Start of RAW DATA

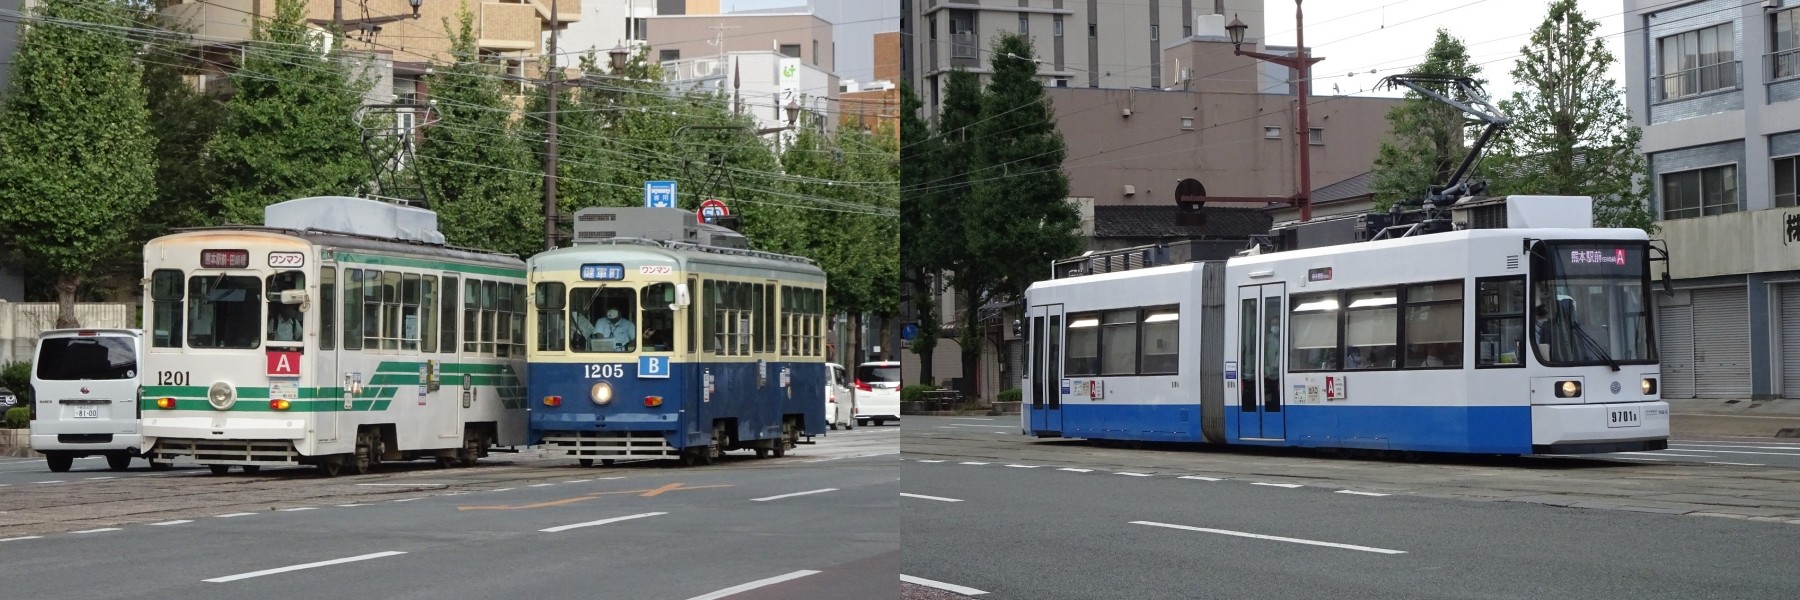 九州・熊本市内を走る路面電車・熊本市電
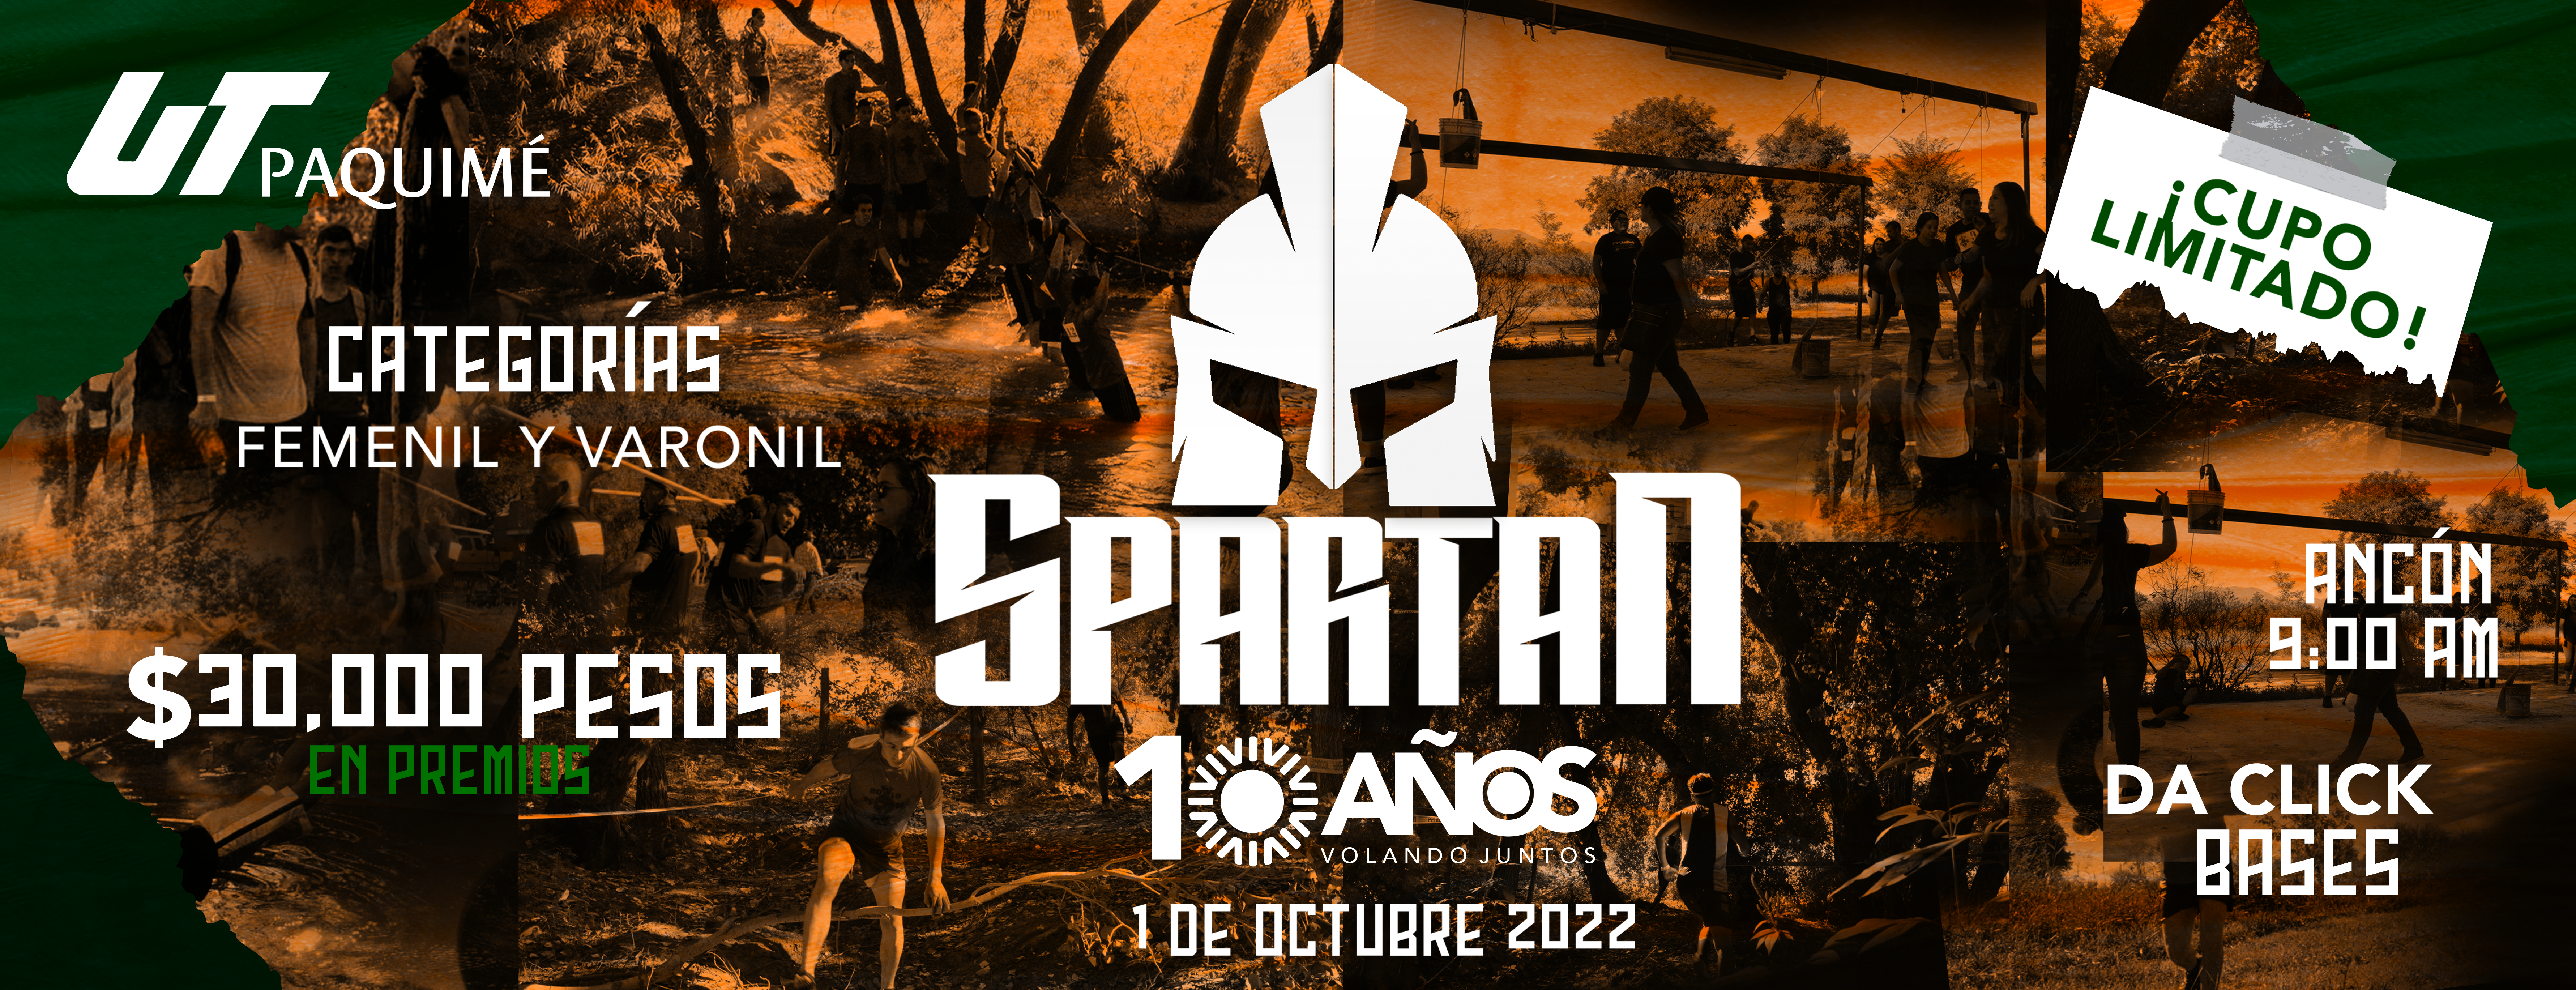 Spartan 2022
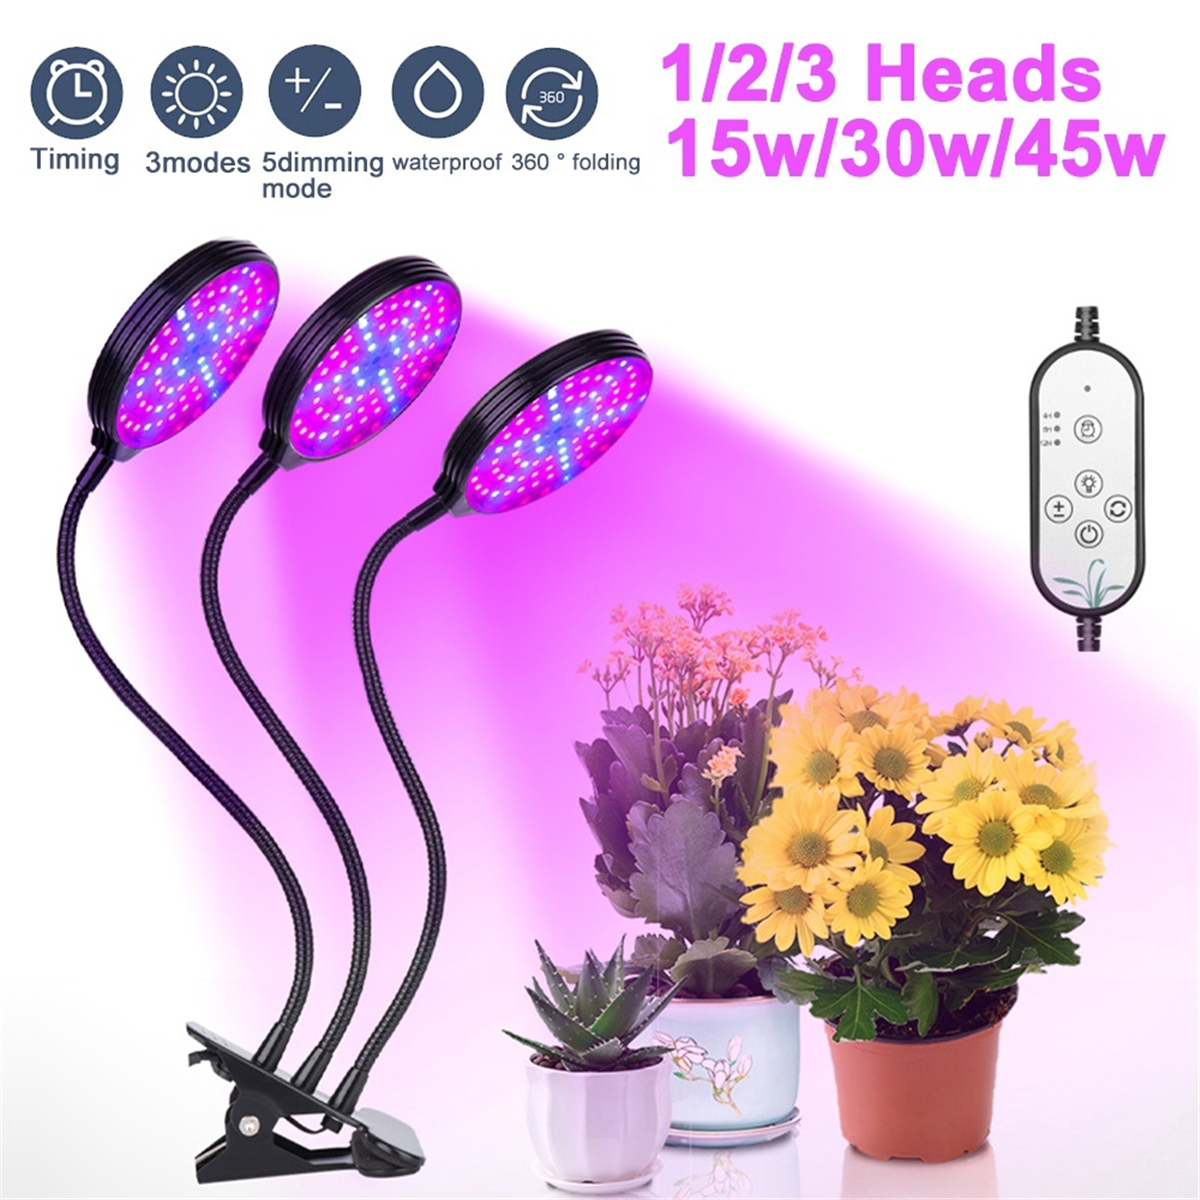 123-Head-Plant-Grow-Light-Head-LED-Lamp-Hydroponics-Greenhouse-Garden-360deg-Flexible-Indoor-Dimmabl-1693745-1
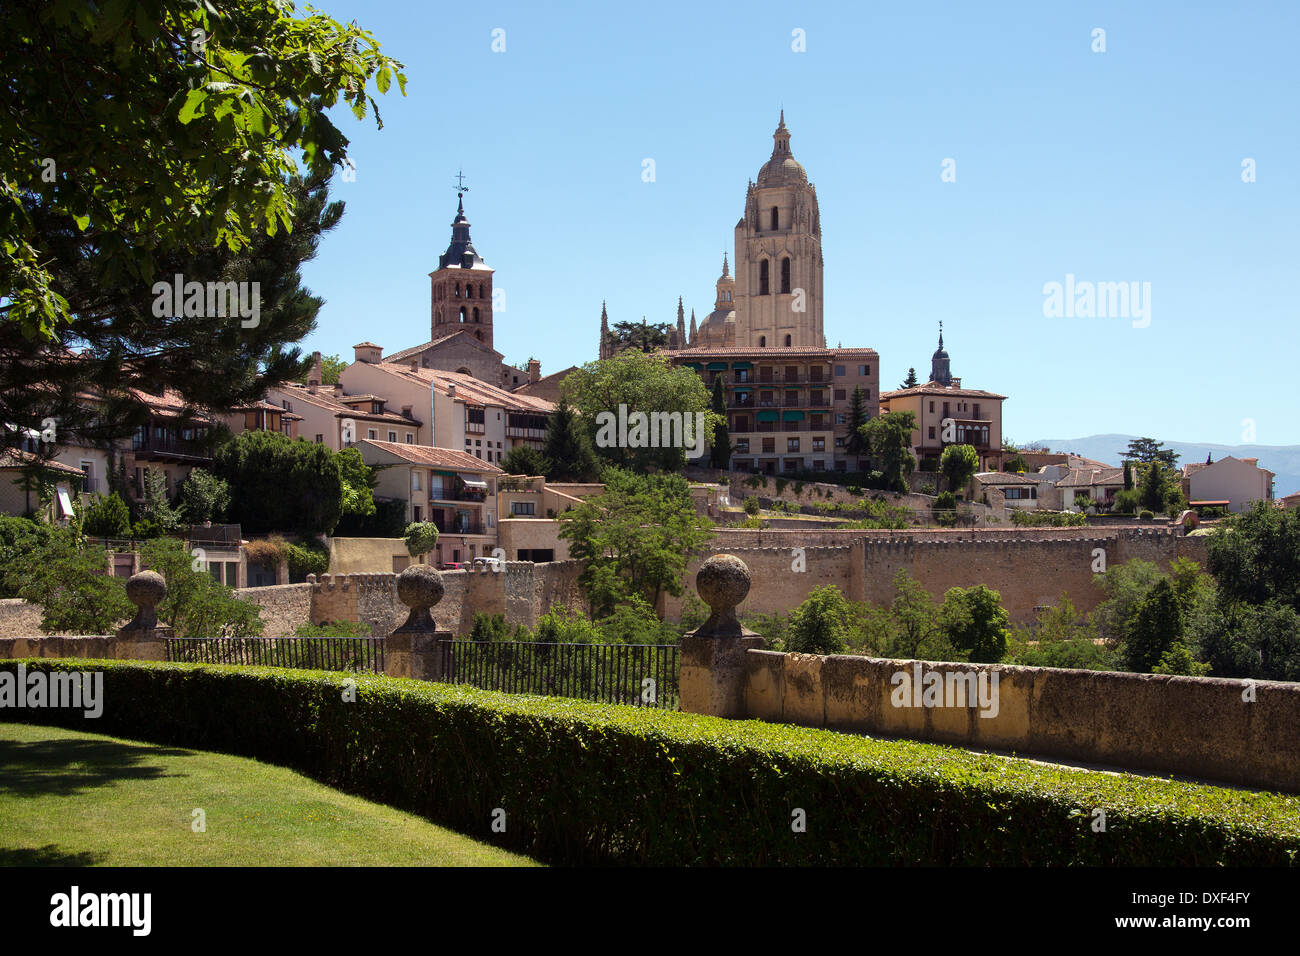 The city of Segovia in central Spain. Stock Photo

End of RAW DATA

Everything in the data except the pictures must be transcribed exactly.

 九州・熊本市内を走る路面電車・熊本市電
 Spartan 2022
 123-Head-Plant-Grow-Light-Head-LED-Lamp-Hydroponics-Greenhouse-Garden-360deg-Flexible-Indoor-Dimmabl-1693745-1
 The city of Segovia in central Spain. Stock Photo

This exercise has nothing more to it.